От Вельтевредена было меньше получаса езды на машине через проход Констанция-Нек на другую сторону горы к атлантическому побережью, где Сантэн устроила для Блэйна дом; дом стоял на пяти акрах горного склона, поросшего дикими протеями, и склон этот круто обрывался к скалистому берегу и белым пляжам. Дом построил во времена королевы Виктории один из магнатов-горнопромышленников Ранда, но Сантэн полностью перестроила его и сменила внутренние убранство и обстановку.
Шаса остановил «ягуар». Мать уже ждала на веранде, и он взбежал по ступенькам и обнял ее.
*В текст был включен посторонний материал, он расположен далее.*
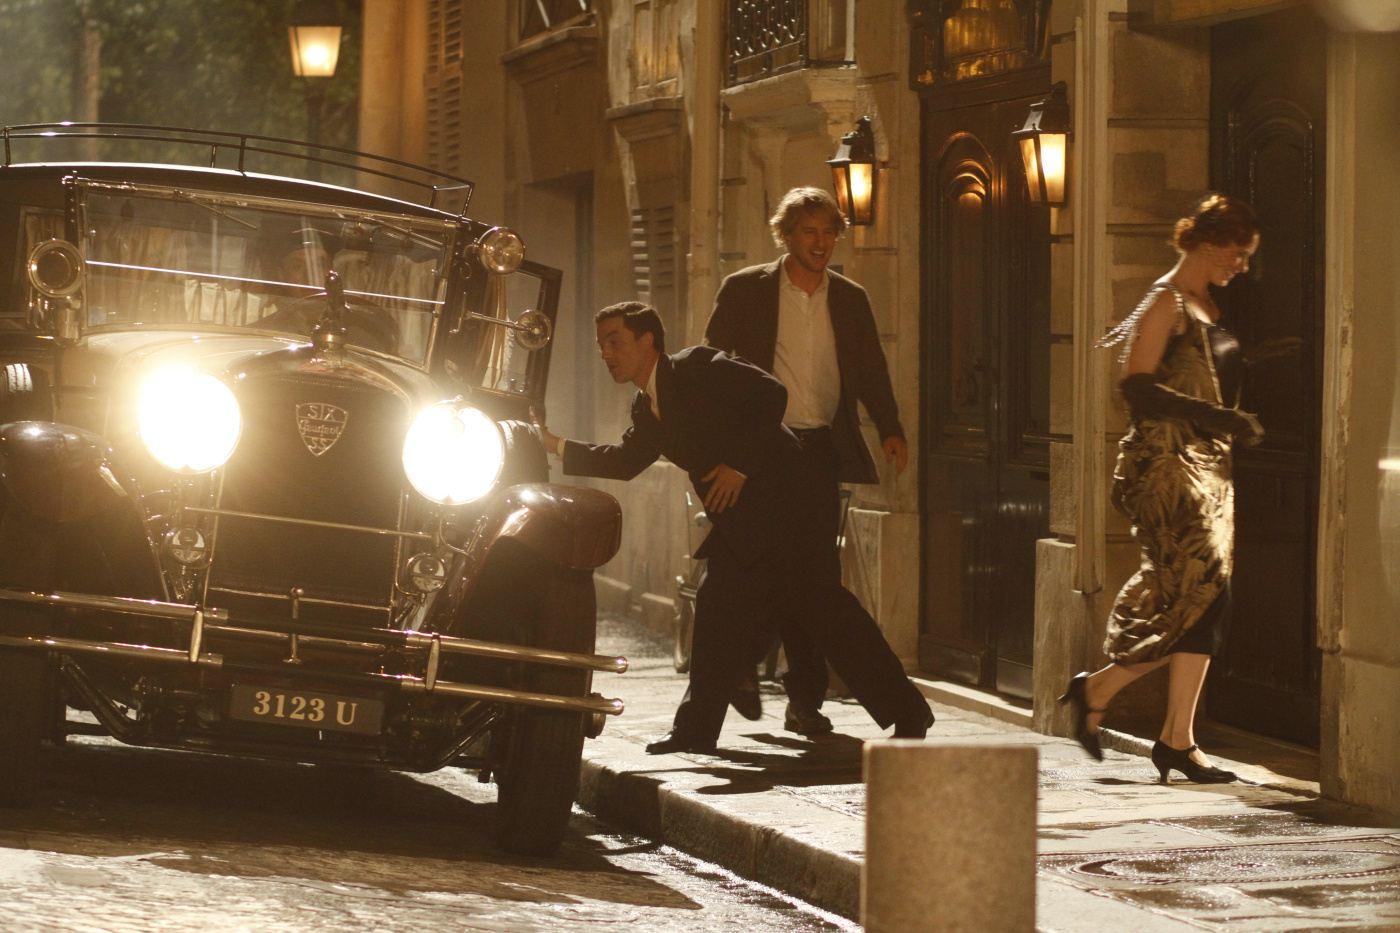 кадры из фильма Полночь в Париже Оуэн Уилсон,

– Ты слишком похудел, – ласково упрекнула она. По телефонному звонку она догадалась, что предстоит серьезный разговор, но у них были свои традиции. Сантэн надела хлопчатобумажную блузку с открытым воротом, брюки и удобные туфли для пеших прогулок; без всяких обсуждений она взяла сына за руку, и они пошли по тропе, которая огибала розарий и поднималась на необработанный горный склон.
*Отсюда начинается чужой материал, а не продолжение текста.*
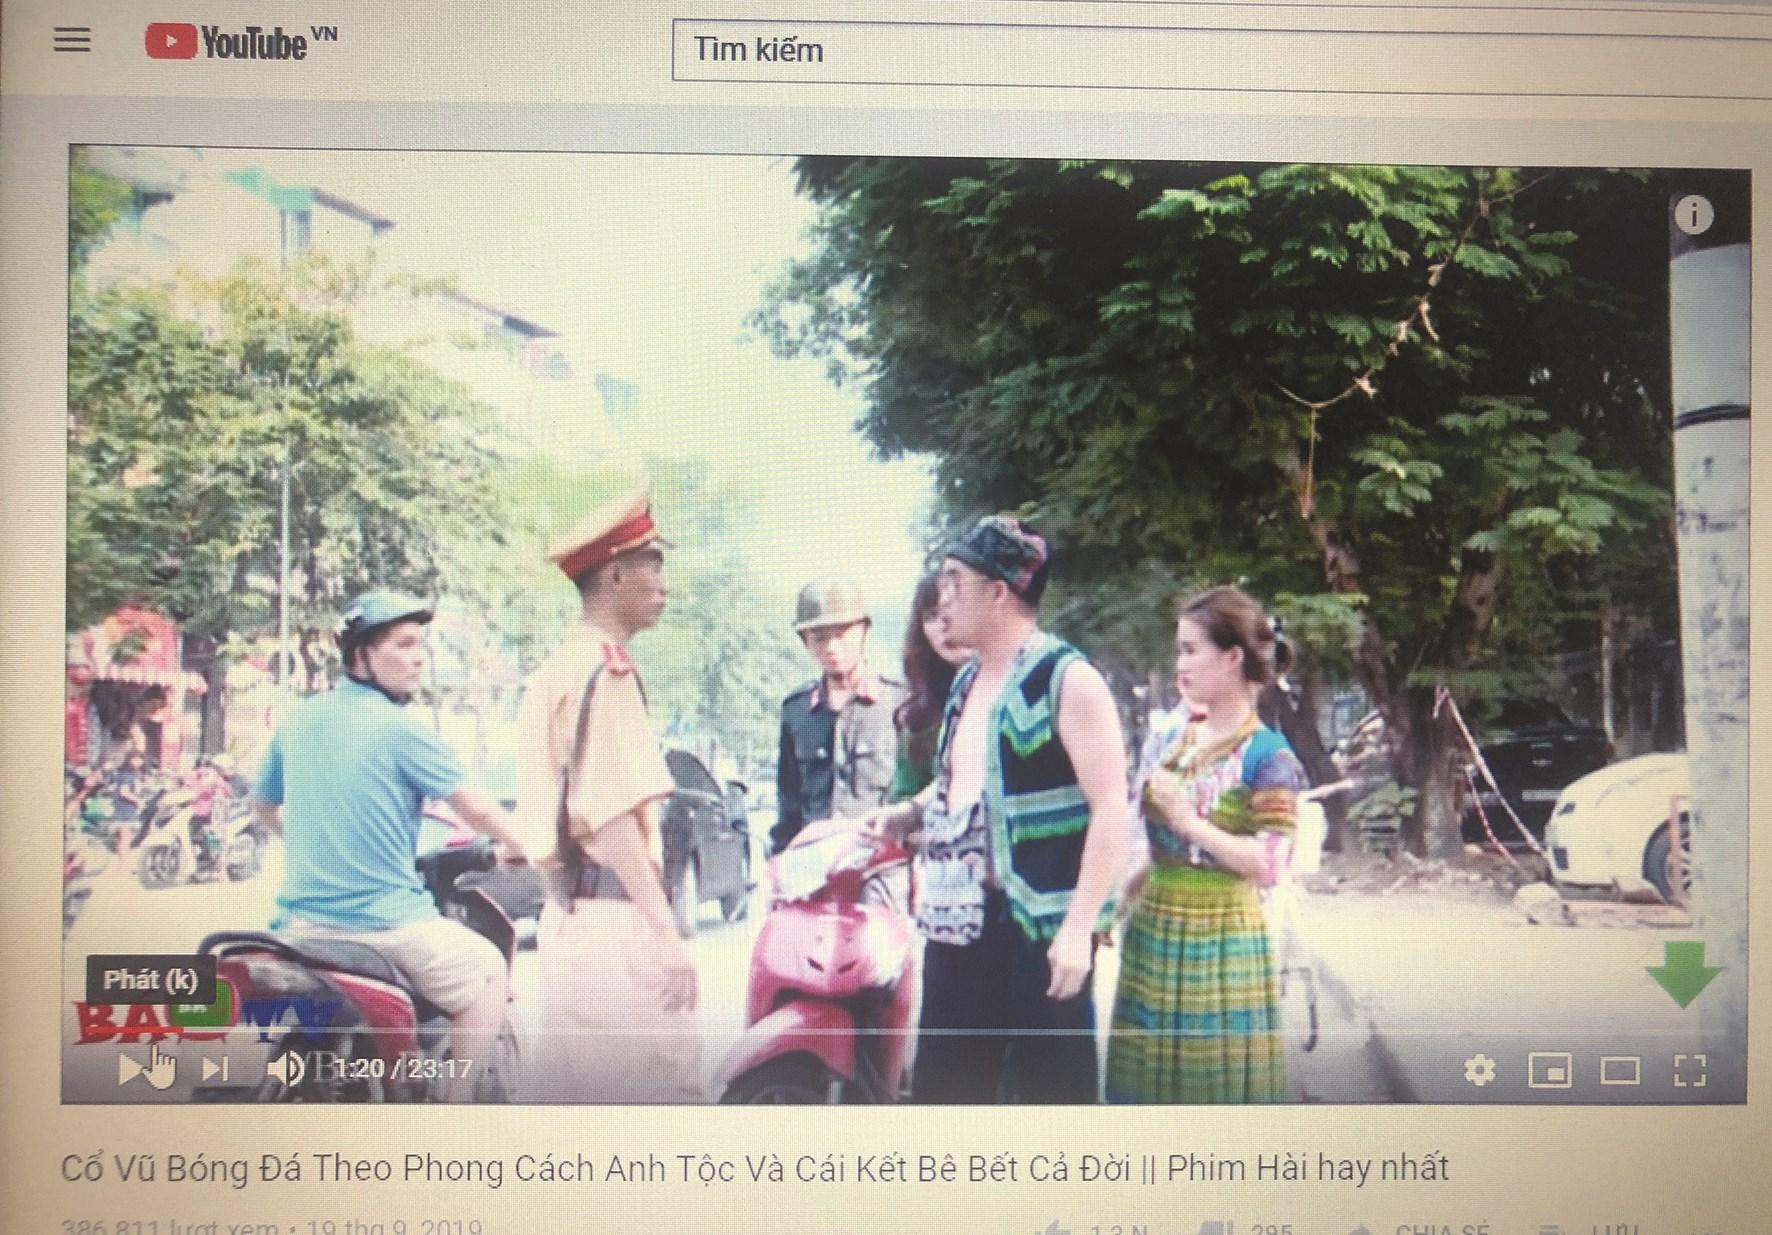 """Một đoạn trong video """"Cổ vũ bóng đá theo phong cách anh Tộc và cái kết bê bết cả đời"""" được đăng tải trên Youtube"""

Последняя часть подъема была очень крутой, тропа – неровной, но Сантэн преодолела подъем без остановок и первая поднялась на вершину. Она почти не запыхалась и спустя минуту вновь дышала ровно. «Она поддерживает превосходную форму; одному богу известно, сколько она тратит на снадобья и мази, а тренируется она как профессиональная спортсменка», – подумал Шаса и гордо улыбнулся, глядя на мать. Он обнял ее за узкую талию.
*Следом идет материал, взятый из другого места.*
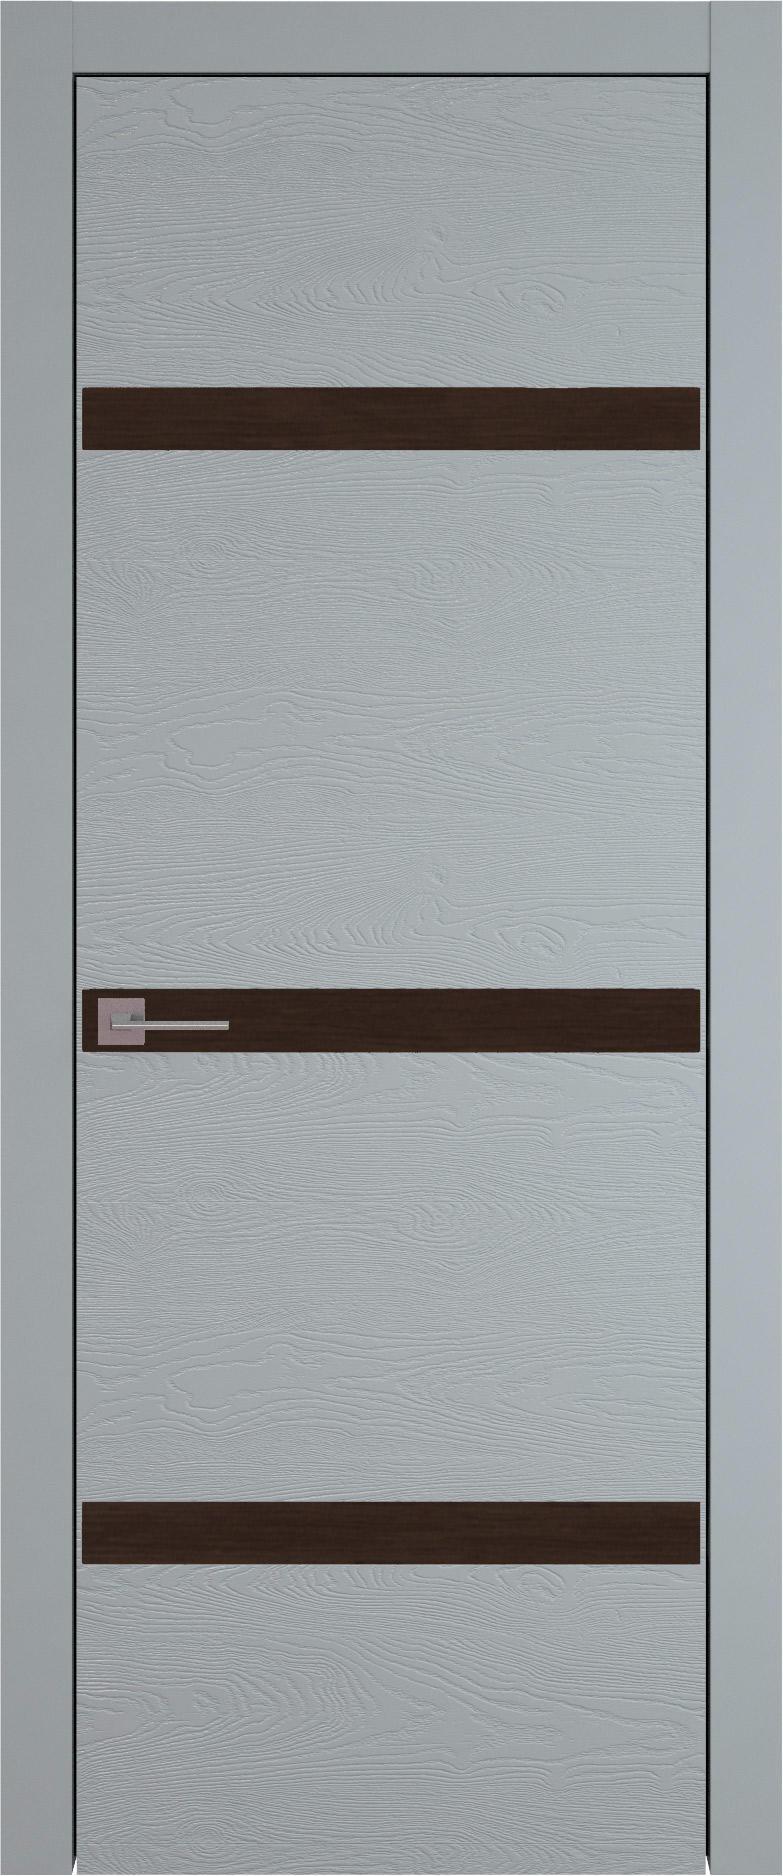 Tivoli Г-4 цвет - Серебристо-серая эмаль по шпону (RAL 7045) Без стекла (ДГ)

– Смотри, какая красота! – Сантэн легко прислонилась к нему, глядя на холодные зеленые воды Бенгуэльского течения, в белой пене огибающие пяту Африки, которая, как у средневекового рыцаря, была одета броней – броней темных скал. – Это мое любимое место.
– Кто бы мог подумать? – сказал Шаса и подвел мать к плоскому, поросшему мхом камню – ее обычному сиденью.
Она села на камень и поджала ноги, а он улегся внизу на ложе из мха. Несколько мгновений оба молчали. Шаса подумал: сколько раз мы сидели так в этом ее особенном месте, сколько серьезных обсуждений здесь прошло!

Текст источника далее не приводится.